We have a spark cluster too. Then switch to Athena. I just dislike the cost structure.

The problem with disk based partition is keys are difficult to manage properly.

wenc · 2025-05-06T02:38:01 1746499081

Did Athena on CSV work for you? I've used Athena and it struggles with CSV at scale too.

Btw I'm not suggesting to use Spark. I'm saying that even Spark didn't work on large TSV datasets (it only takes a JOIN or GROUP BY to kill the query performance). The CSV data storage format is simply the wrong one for analytics.

Partitioning is irreversible, but coming up with a thoughtful scheme isn't that hard. You just need to hash something. Even something as simple as a HNV hash on some meaningful field is sufficient. In one of my datasets, I chunk it by week, then by HNV modulo 50 chunks, so it looks like this:

/yearwk=202501/chunk=24/000.parquet

Ask an LLM to suggest partioning scheme or think of one.

CSV is the mistake. The move here is to get out of CSV. Partitioning is secondary -- partitioning here is only used for chunking the Parquet, nothing else. You are not locked into anything.

aynyc · 2025-05-06T11:15:52 1746530152

Yes, on Athena, we process much larger CSV files. But the cost is too crazy. We also have ORC and Parquet files for other dataset which we process with EMR Spark. I really want to get off those distributed analytic engines whenever possible.

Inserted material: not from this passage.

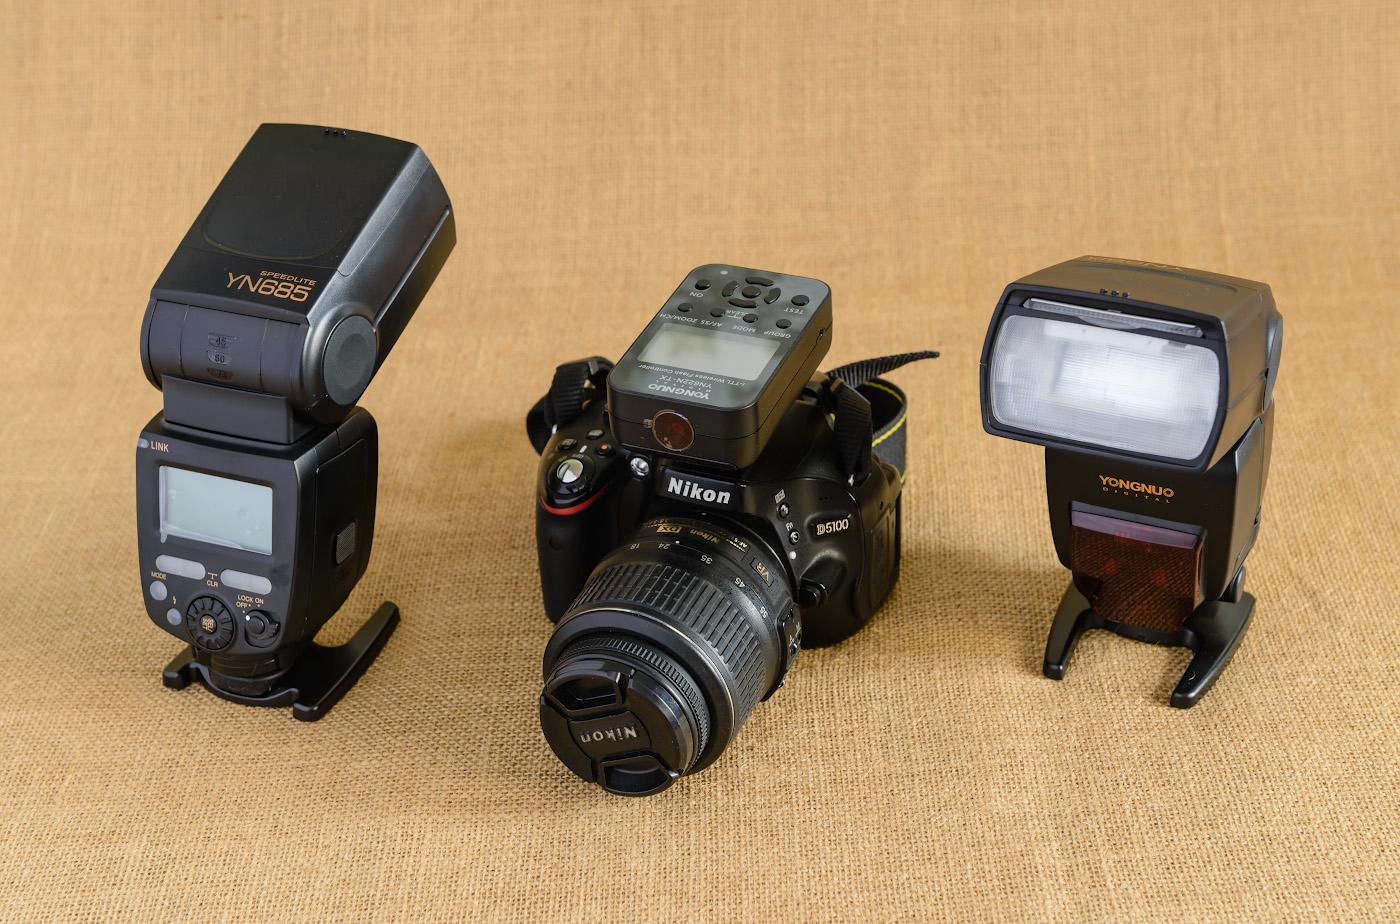 Фотография 7. Недорогие вспышки Yongnuo YN-685N и трансмиттер для управления ими Yongnuo YN-622N-TX, установленные на любительскую КРОПнутую зеркалку Nikon D5100. Сам снимок получен на фуллфреймовую камеру Nikon D610 с объективом Nikon 24-70mm f/2.8G при естественном свете от окна. Слева – белый рефлектор. Использовался штатив Sirui T-2204X. Настройки: В=2 сек., +1EV, 8.0, 200, 56.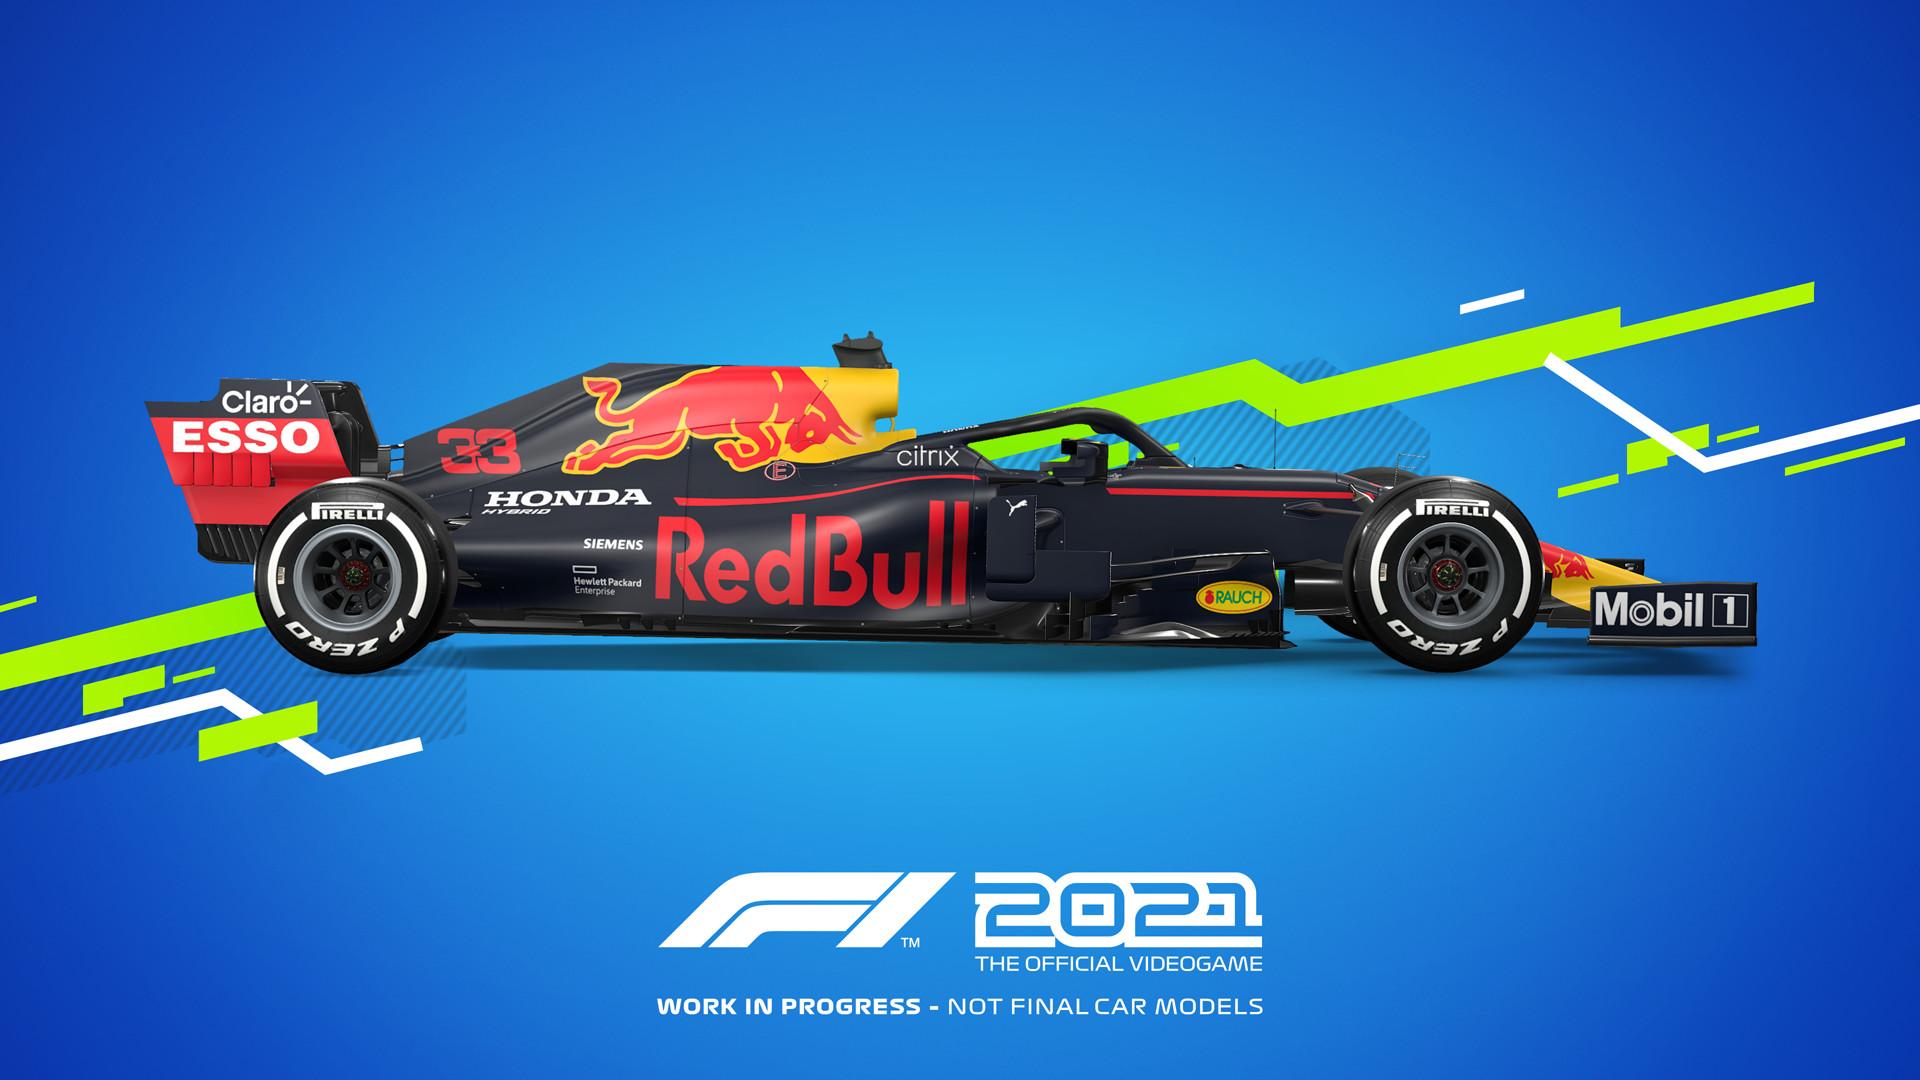 《F1 2021》配置公布 推荐1660 Ti

I have to think about partition, Spark/Athena both had issues with partitioning by received date. They are scanning way too much data.

snake_doc · 2025-05-04T13:33:20 1746365600

Are you querying from an EC2 instance close to the S3 data? Are the CSVs partitioned into separate files? Does the machine have 500GB of memory? It’s not always duckdb fault when there can be a clear I/O bottleneck…

aynyc · 2025-05-04T15:02:37 1746370957

No, the EC2 instance doesn't have 500GB of data. Does DuckDB require that? I actually downloaded the data from S3 to local EBS and still choked.

broner · 2025-05-04T21:47:56 1746395276

Works fine for me on TB+ datasets. Maybe you were doing in-memory rather than persistent database and running out of RAM? https://duckdb.org/docs/stable/clients/cli/overview.html#in-...

aynyc · 2025-05-05T01:52:34 1746409954

Wait, do you insert the data from S3 into duckdb? I was just doing select from file.

broner · 2025-05-06T00:22:17 1746490937

Nope, just reading from S3. Check this out: https://duckdb.org/2024/07/09/memory-management.html

fastasucan · 2025-05-05T18:02:40 1746468160

Maybe its your terminal that chockes because it tries to display to much data? 500GB should be no problem.

higeorge13 · 2025-05-04T14:02:03 1746367323

Could you test with clickhouse-local? It always works better for me.

aynyc · 2025-05-04T15:03:07 1746370987

No, clickhouse is not considered for some other reason. But I think I might revisit it sometime in the future.